04.そうして義姉は自分の幸せを見つけた
プレスティ男爵家の一階にある執務室で、アシェットは書類を捲ってはペンを走らせていた。
あの日から三ヵ月と少しばかり。
落ち着く間もなく追われる後始末は終わりを見せているが、それはプレスティ男爵家に限ってのことだろう。
関連する書類は全てひとまとめにしておいてある。
ここ二週間程は動きがないので、もう少ししたら、一度金庫の中にでも仕舞うつもりだ。
エラとヴァレール第二王子は、早々に幽閉されることが決まった。
とはいえ、王族専用の牢や石造りの塔などに閉じ込められるのではない。
王都から少し離れた避暑目的の離宮を、急ぎ改築したのだそうだ。
外に出すことがないよう、美しい模様を描きながらも冷たく硬質な鉄柵で囲み、そこで与えられるのを待つだけの飼い殺しの生活が始まる。
プライドばかり高いヴァレール第二王子には屈辱の日々となり、何もしたくないエラには天国だろう。
それに対してヴァレール第二王子の苛立ちが頂点となって怒鳴りつけたとか。
自分に都合の悪い状態になったときのエラが何をするか、アシェットは把握できていたが、離宮の使用人達は大変だったはず。
まさか暖炉の中に隠れるなんて思わなかっただろうから。
それも、もはや使われることのない客室の暖炉で、ご丁寧に暗い色合いのカーテンを被って。
誰もが必死に探したが見つからず、男爵家に使者が駆け込んできたのも、暫く前の話になりつつある。
それ以来、あちらでも彼女は「灰かぶり」と呼ばれるようになったらしい。
リュシエンヌについては、王家からの書状に詳細は書かれてはいなかったが、口さがない者達によって噂が舞い込んでくる。
ヴァレール第二王子とリュシエンヌの婚約破棄については、今なお王家と公爵家が協議中とのことだ。
どちらも威信がかかっている以上、有責とされるのは避けたいところ。
プレスティ男爵家で働いていたメイドは、騎士に連れて行かれてすぐに全てを自供したと聞いている。
対してルシャンドラ公爵家は、メイドの虚言だと押し切ったそうだとか。
更には、公爵家の信頼を著しく損ねた娘など、早々に処刑するべきだと口にしたことで、その日のうちに数人の使用人が紹介状も持たずに辞めたことも耳にはしている。
ちなみにプレスティ男爵家での責め苦など、実際のところはたいしたものではなかった。
が、公爵令嬢のお気に入りでチヤホヤされていたメイドからすれば、荒縄で縛られて、鼠捕りにかかった鼠を見せられながら罵られるのは堪えたのも当然のこと。

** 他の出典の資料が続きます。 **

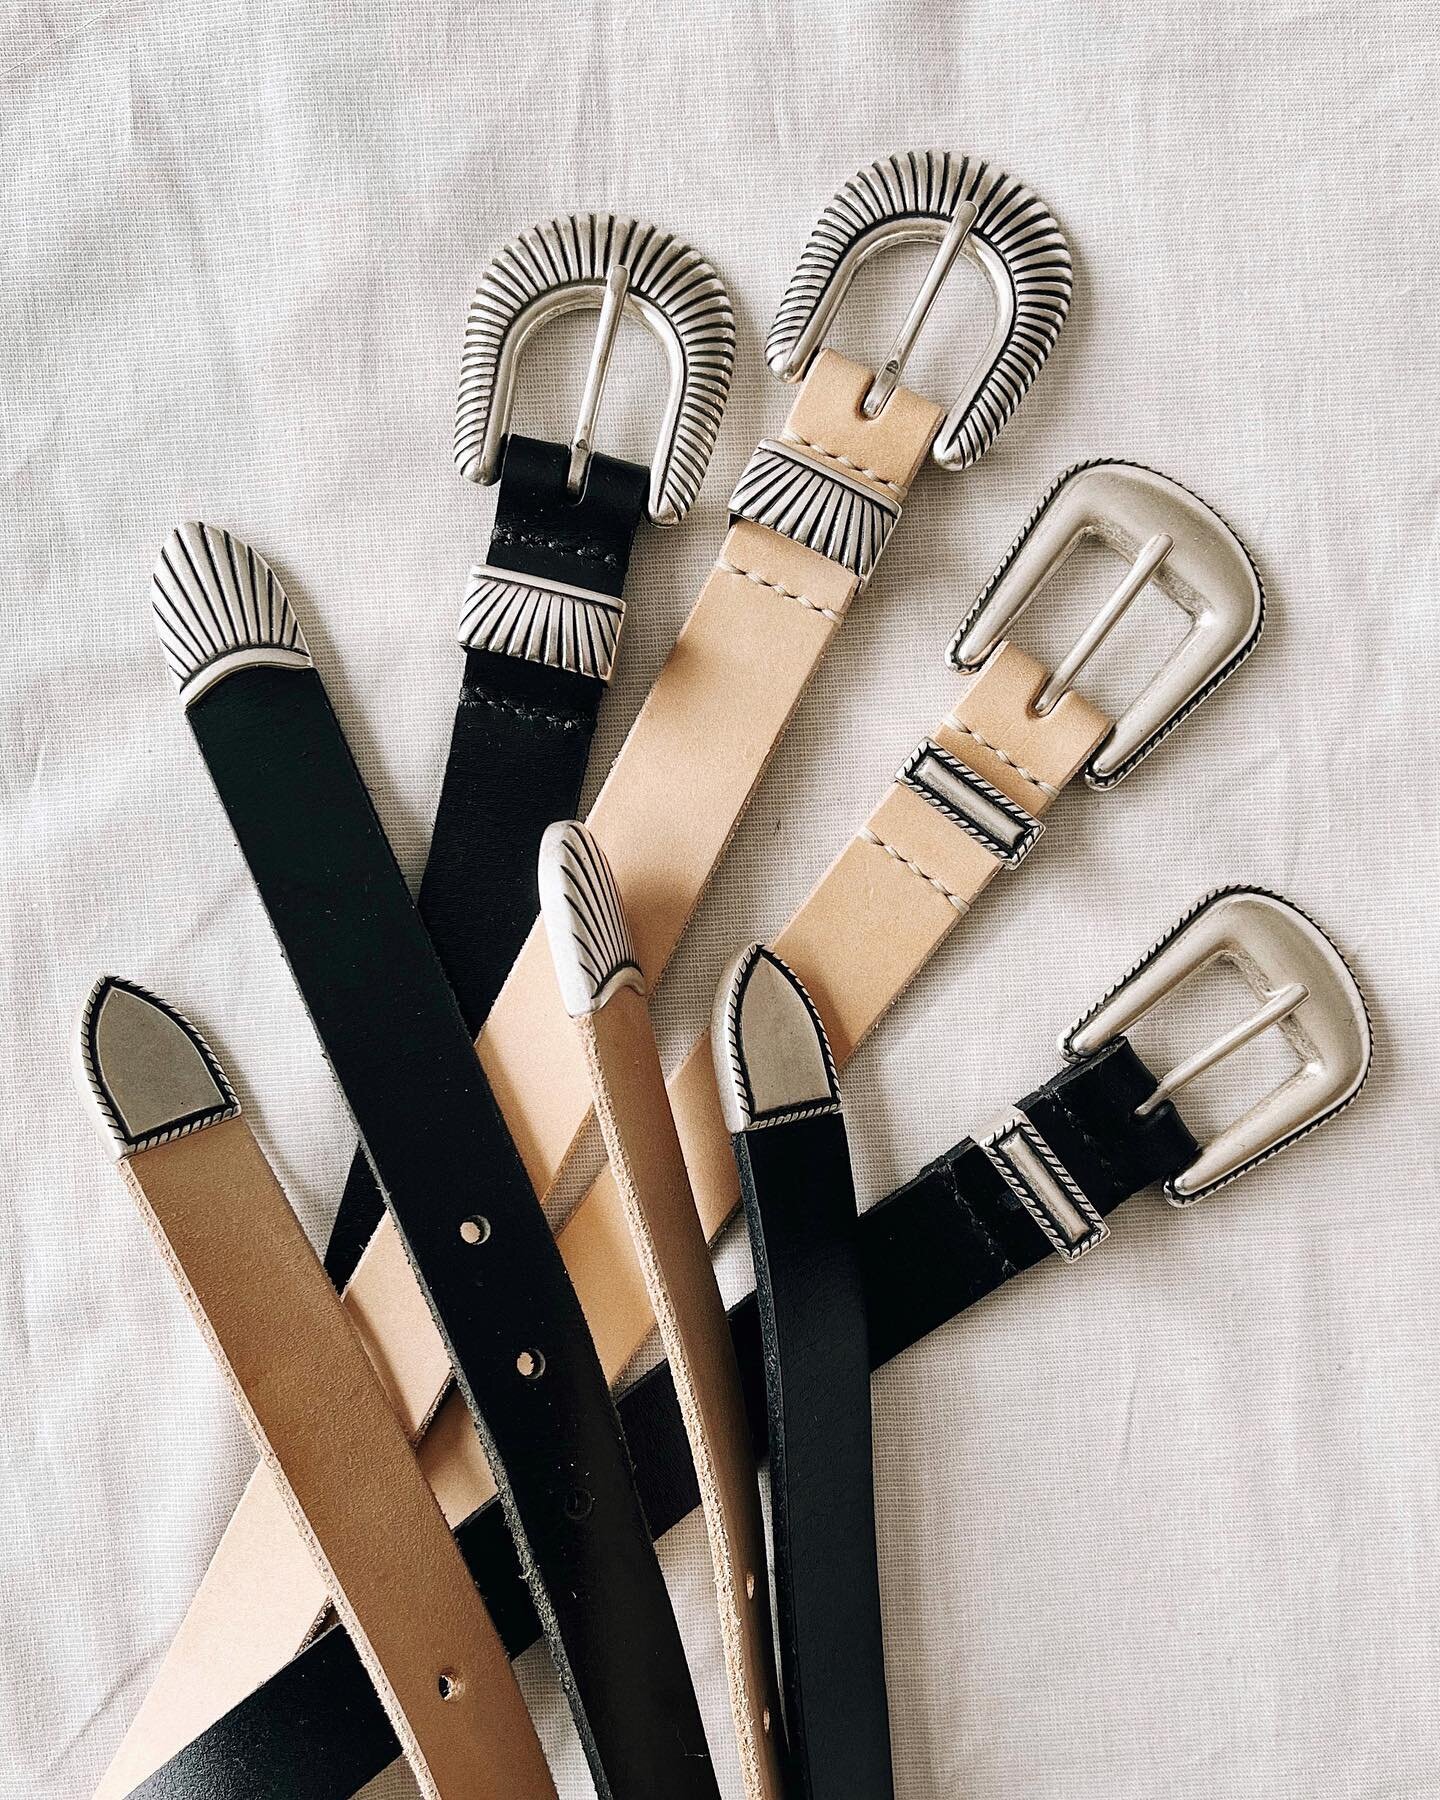 Western belts in black and unfinished natural leather, that will darken with time and regular use. Hardware is solid brass in &lsquo;English Silver&rsquo; finish, made in Italy. Available soon in limited quantities.

田舎育ちのアシェットからすれば、そう怯えることでもないが、都会育ちの女性には刺激が強かったはずだ。
もし、ルシャンドラ公爵家が婚約解消に持ち込めたとしても、向こう何世代かにおいて、王家がルシャンドラ公爵家と婚姻を結ぶことはないと思われる。
この一件でルシャンドラ公爵家が没落することはないが、リュシエンヌが新しい縁を結ぶのは難しくなった。
他家が慎重になるのも仕方のない話となってくる。
アシェットの元婚約者であったニコラ・ダマルタン伯爵令息とは、そもそも公爵家当主が婚約など口約束すらしていないと発言している。
リュシエンヌが自分なら上手くやれると、勝手に暴走した結果かもしれない。
それにしても、ここまで醜聞が広がってしまうと、暫くは公爵家主催によるお茶会や夜会の開催どころか、他家からの招待を受けることすらできないだろう。
それどころか、次期当主としての社交すら今のリュシエンヌでは難しい。
公爵家相手に誰も口にはしないだろうが、それでも密やかな声は社交界の隅々まで行き渡っている。
長らく貴族の最高位として生きてきた公爵夫妻と違い、まだ若いリュシエンヌが今の状況に耐えられるはずがない。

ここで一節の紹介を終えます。